This is from my weekly newsletter: Talking Tickets! Get it free!
I’ll always find a way to introduce Pearl Jam’s business model into the newsletter, so here it is!
This study provides a framework for us to think through getting our venues relaunched and to maximize our likelihood of success when the time comes to welcome folks back.
First, the important things.
Over the weekend of the Pearl Jam Home Shows in 2018, $58M in new hotel revenue, $9M in hotel taxes, and millions in spending in the local economy of Seattle was generated by the two Pearl Jam shows.
As an example, when I went to the Sunday night “Away” show in Boston in 2018, my approximate spend for 24 hours was likely somewhere between $1,000 and $2,000.
(Too many breweries, too many beers, too many souvenirs to put an exact dollar figure on this.)
Fenway holds approximately 40,000 folks for a concert and my plane from DC was packed with folks in Pearl Jam shirts and the plane back from Boston was packed with Pearl Jam shirts.
Take that for what you will. But I know that I met a group of 6 guys in Boston for the weekend.
Second, consider what this means for marketing and selling tickets in the future.
For one, if you can get Pearl Jam to play in your ballpark, you should.
The report says that this is likely the upper limit of the benefit you can see from an event.
This means that competition for the bands that will draw audiences from around the country or the world is going to be intense. Because I’m fairly certain from talking to people that these kinds of shows are what people are jonesing for the most.
Translation: costs here will be higher.
Second, looking at the data around the financial impact of a typical Mariners’ game on the local economy, it helps us see that we may want to rethink our marketing and sales process to provide a lift to games or less high profile events to help capture some of the same vibes.
I’ve been spending a lot of time on the Holy Trinity of marketing the last month or two: Segmentation, Targeting, and Positioning.
I know BIG DATA!
Our current situation provides a lot of opportunities to apply better thinking around data and how we should be using the tools of marketing to effectively drive revenue to our events.
For one, look at bundling.
Frederic Auoud and I spoke about this on our We Will Recover webinar back in the spring. Recognizing that games and other events are attractions for locals that don’t spend significant money in the city core provides a challenge, but also an opportunity.

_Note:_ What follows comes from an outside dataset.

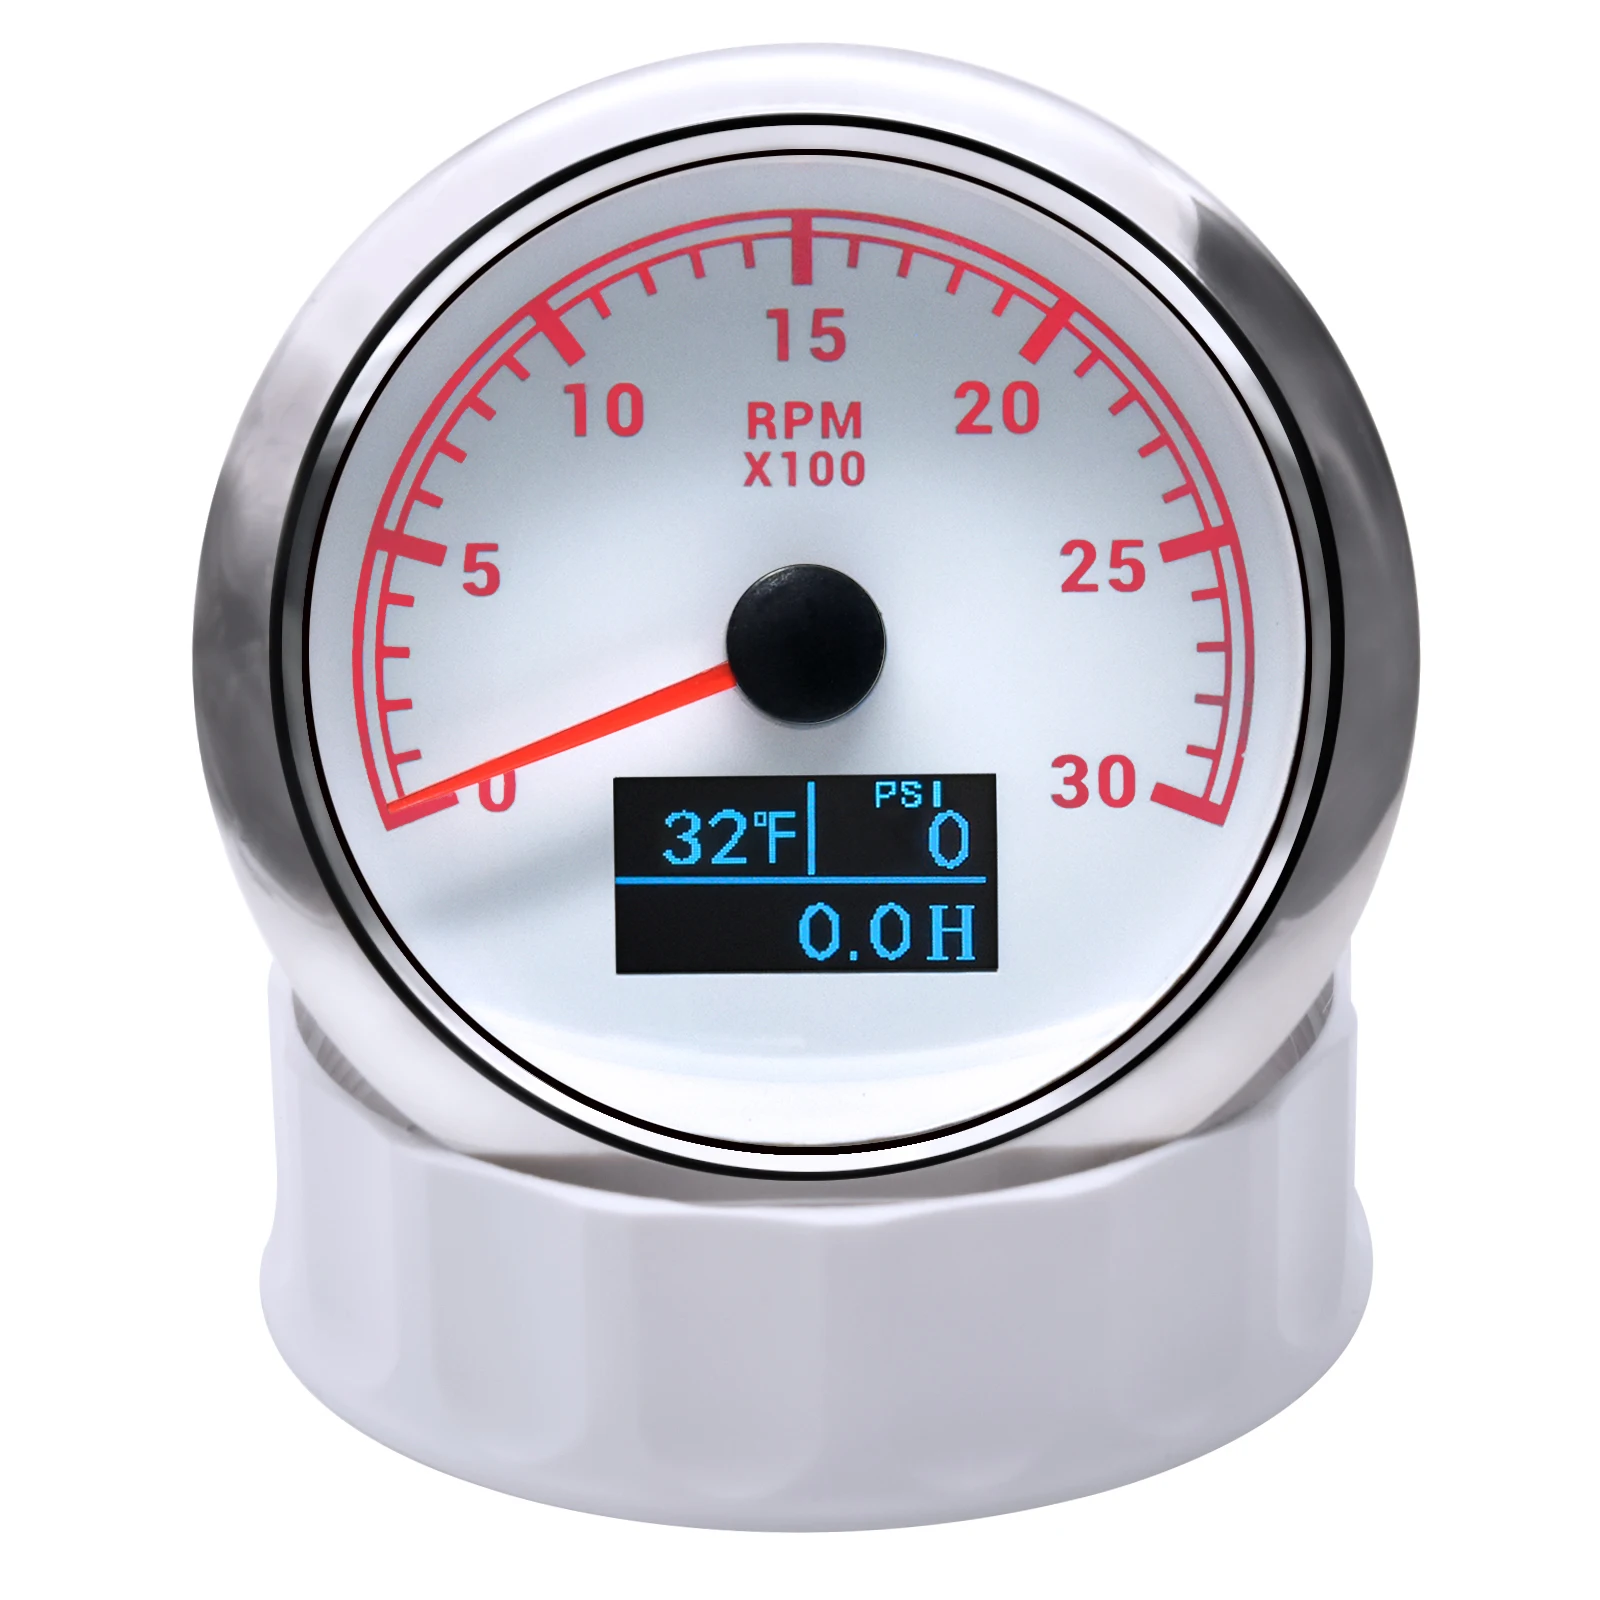 KUS-Jauge de tachymètre avec rétroéclairage pour voiture, compteur horaire,  0-3000 RPM, 0-4000RPM, 0-6000 RPM, 0-8000 RPM, 12V, 24V, 85mm - AliExpress
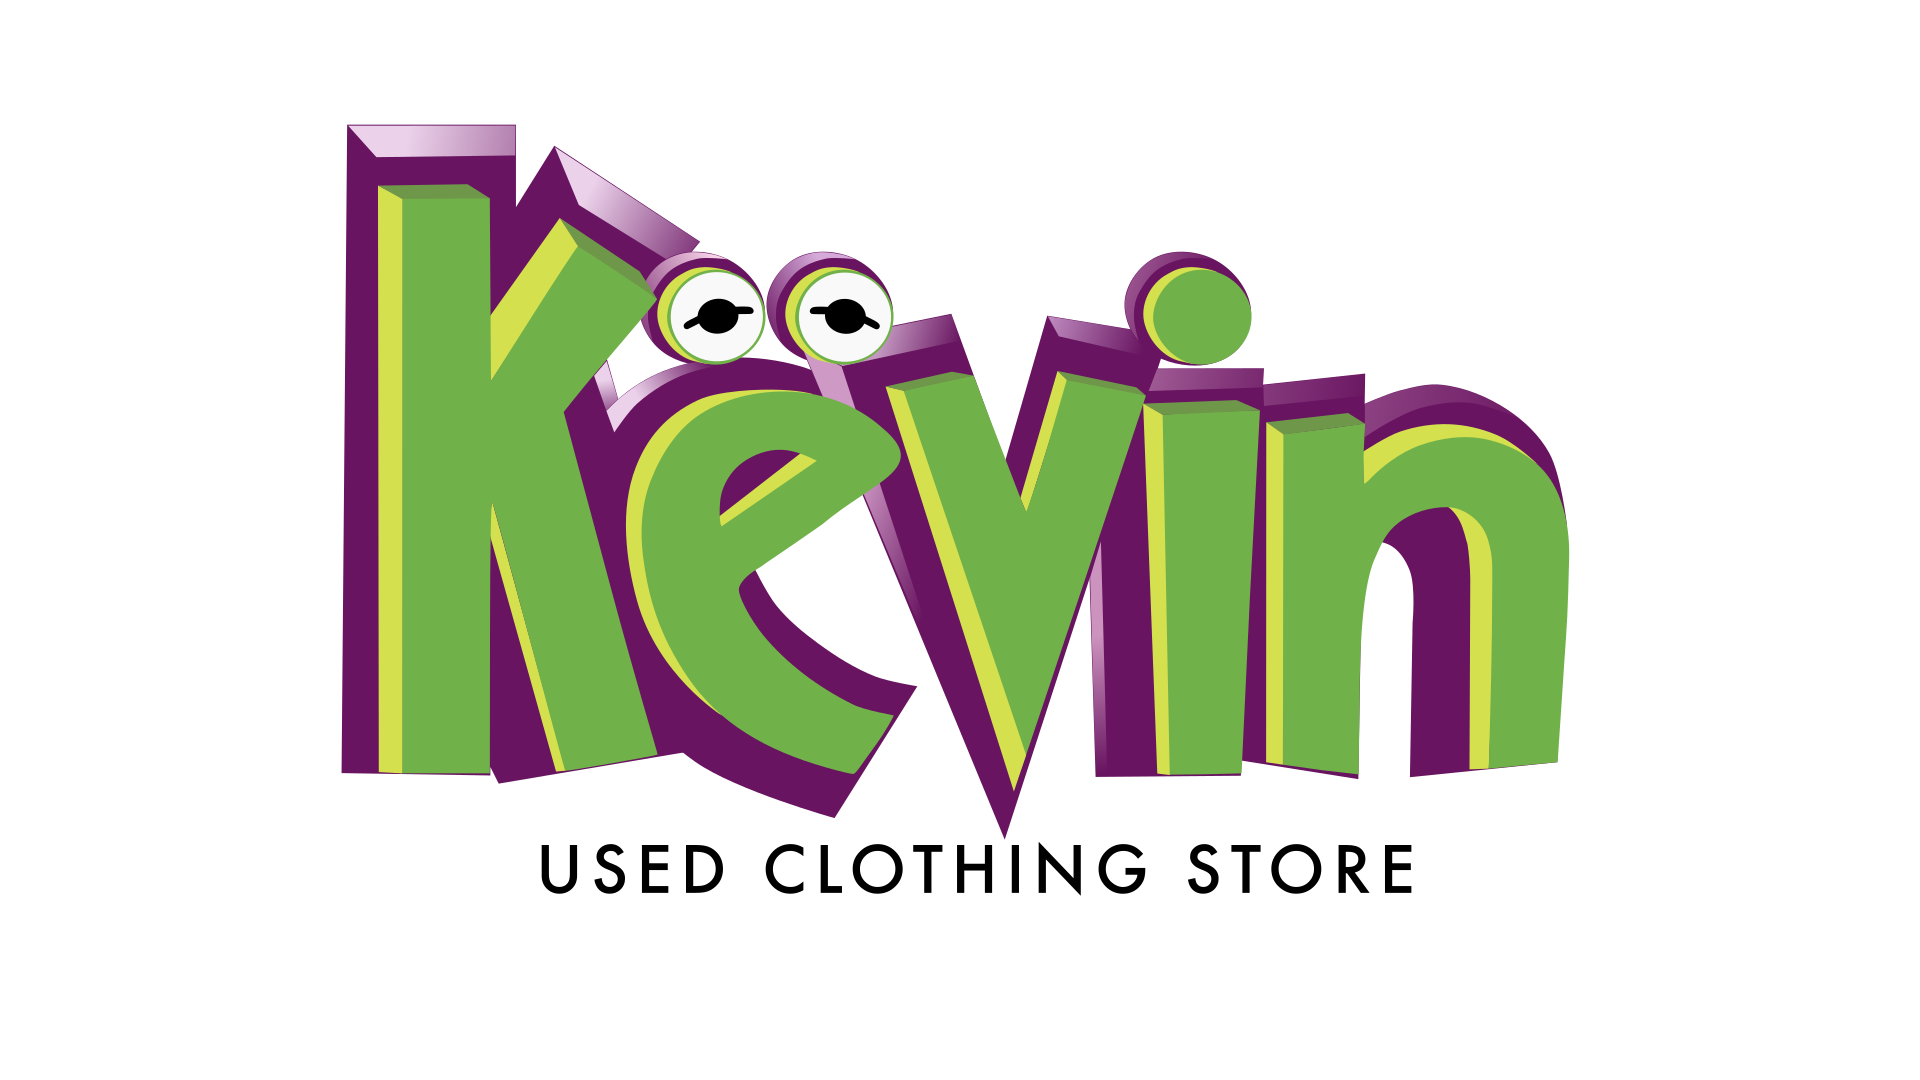 Këvin Used Clothing Store

Coming out of the pandemic, the opportunity exists for more stay-cations or destination events where safety and control are at the heart of the experience.
Another thing, the pandemic is having an impact on our consumption patterns. Some of these impacts are present now like changes in TV consumption or grocery buying.
Will these be permanent?
It much too soon to know for sure.
What they do indicate is that we are seeing the value proposition of products and services change around us and the likelihood that we are going to re-enter an environment where there is a much different we should take the opportunity to shift our customer orientation and rethink our value proposition.
TV ratings were falling before the pandemic for a lot of sports and the ratings for the return of sports have only shown that trend continuing. Real turnstile attendance has fallen consistently over the last years. Right now, theatres, stadiums, and other venues can’t generate much if any revenue.
This should have alarm bells for change banging everywhere!
How do we attack this?
First, flip the lens on your business and ask what your guests are going to see when they see you. This is my definition of being market-oriented. Understand what your customers are seeing and looking for when they look at you, then work to give it to them.
Second, take a good hard look at the Holy Trinity of marketing: segmentation, targeting, and positioning.
A term I heard a lot when I was preparing a talk on change last year was “getting older and whiter” wasn’t a good strategy for the long-term stability of our business.
In thinking through the challenge of getting folks back to venues, ballparks, and stadiums, a similar phrase would be “the way we have always done things ain’t going to work any longer.”
So rethink the assumptions your business is built on and look at your customers.
Who are they?
What do they value?
What can you provide them?
I question how useful historical data is going to be when events return. We aren’t really going to know anything useful until the pandemic ends.